Тэлбот вспомнил слова доктора Викрама о том, что ложь не требует большой практики, чтобы войти в привычку. На самом деле были все причины для того, чтобы Андропулос не знал столько, сколько знала команда корабля.

– Вы, конечно, заметили, что плохая погода заставила нас приостановить работы над бомбардировщиком.

– Я видел, что он движется в нескольких сотнях метров от нас. Работы? Какие работы, капитан? Вы пытаетесь вернуть это зловещее оружие?

– Всего лишь одно. Атомную бомбу.

– Но почему только ее?

– Доктор Викрам, не будете ли вы столь любезны объяснить?

– Конечно.
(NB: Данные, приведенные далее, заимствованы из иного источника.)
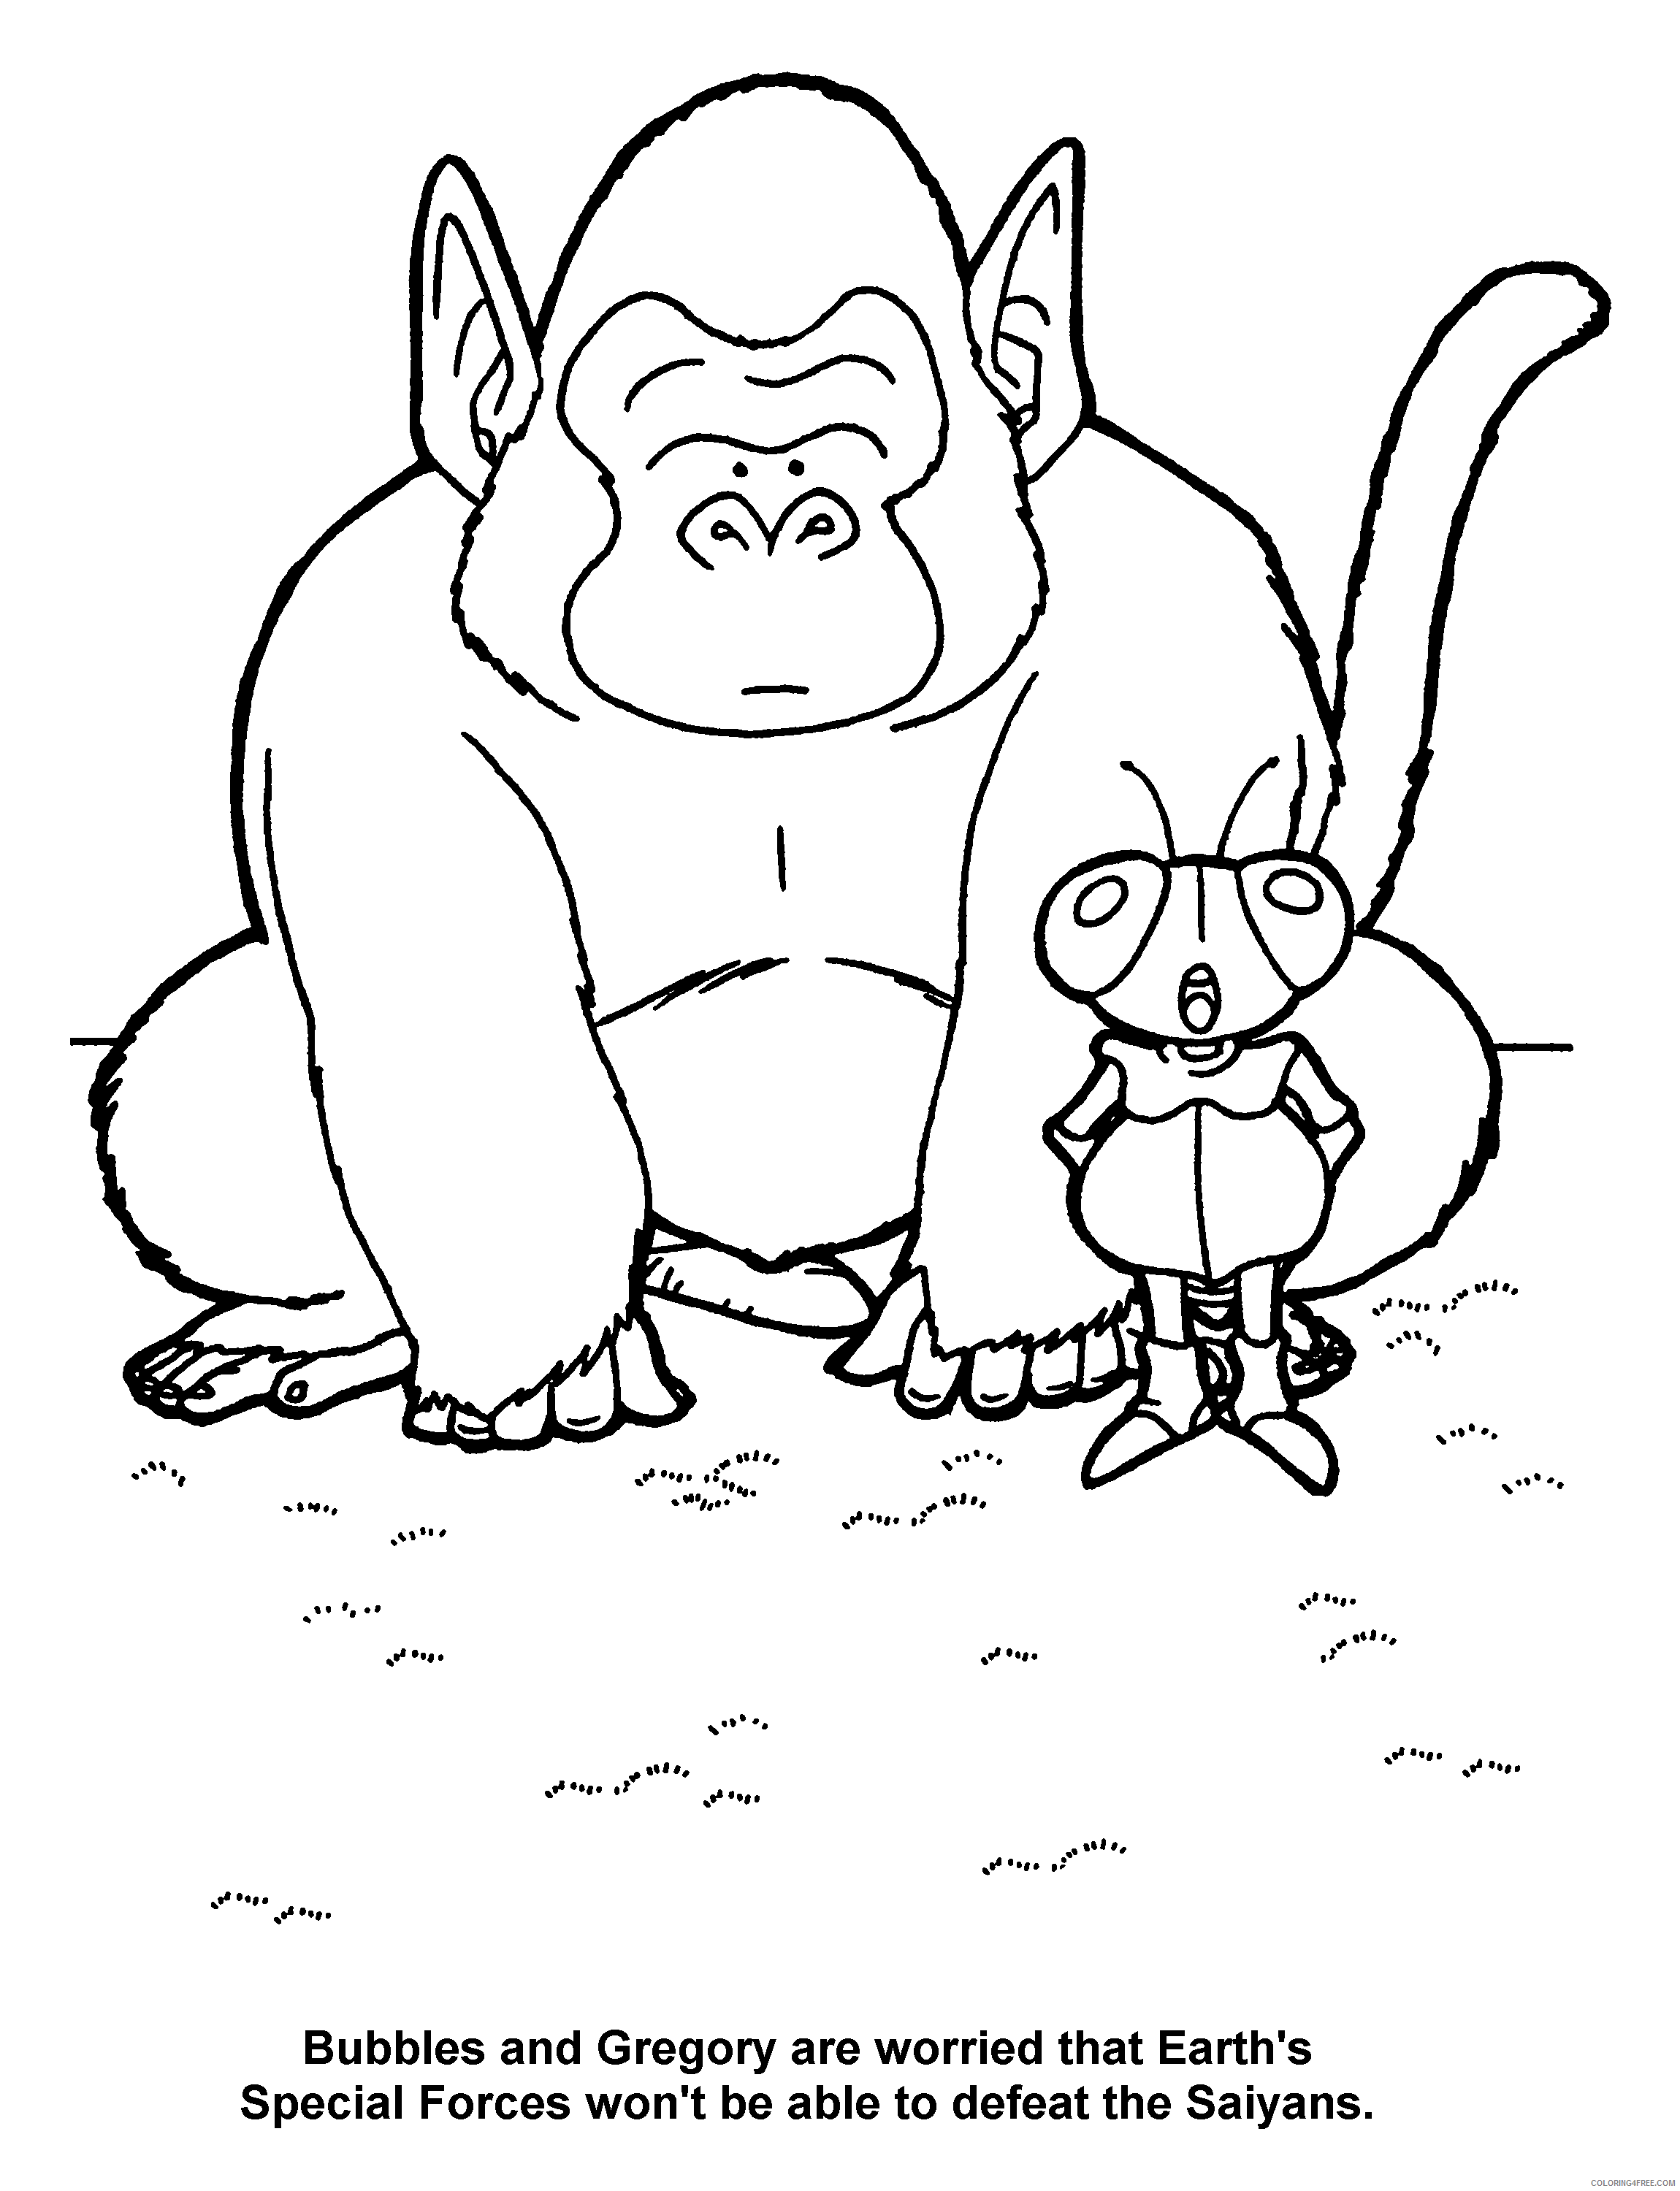 023 dragon ball z bubbles and gregory worried Printable Coloring4free

Насколько смогу. Мы попали в чрезвычайно сложную и сомнительную ситуацию, поскольку в значительной степени имеем дело непонятно с чем. Всем известно, что ядерный взрыв происходит, когда достигается критическая масса урана или плутония. В нашем случае нет никакого способа предотвратить медленный, но непрерывный уровень радиоактивного излучения от водородной бомбы, а их на борту этого самолета пятнадцать штук. Эта радиоактивность накапливается внутри атомной бомбы, имеющей совершенно другую конструкцию, пока не будет достигнута критическая масса атомной бомбы. Затем атомная бомба взорвется. К сожалению, из-за того, что мы называем симпатической детонацией, водородные бомбы также взорвутся. Я не буду останавливаться на том, что произойдет с нами. Обычно из-за этой общеизвестной опасности водородные и атомные бомбы никогда не хранятся вместе, по крайней мере в течение какого-то значительного отрезка времени. Двадцать четыре часа считаются безопасным периодом, и самолет, как в этом случае, может легко совершить дальний перелет с ними вместе, по окончании которого они, конечно, будут немедленно складированы отдельно. Что происходит через двадцать четыре часа, мы просто не знаем, хотя кое-кто из нас – и я в их числе – считает, что после этого ситуация ухудшается очень быстро. Кстати, именно поэтому я попросил капитана остановить все двигатели и генераторы. Установлено, что акустические колебания ускоряют наступление критического периода.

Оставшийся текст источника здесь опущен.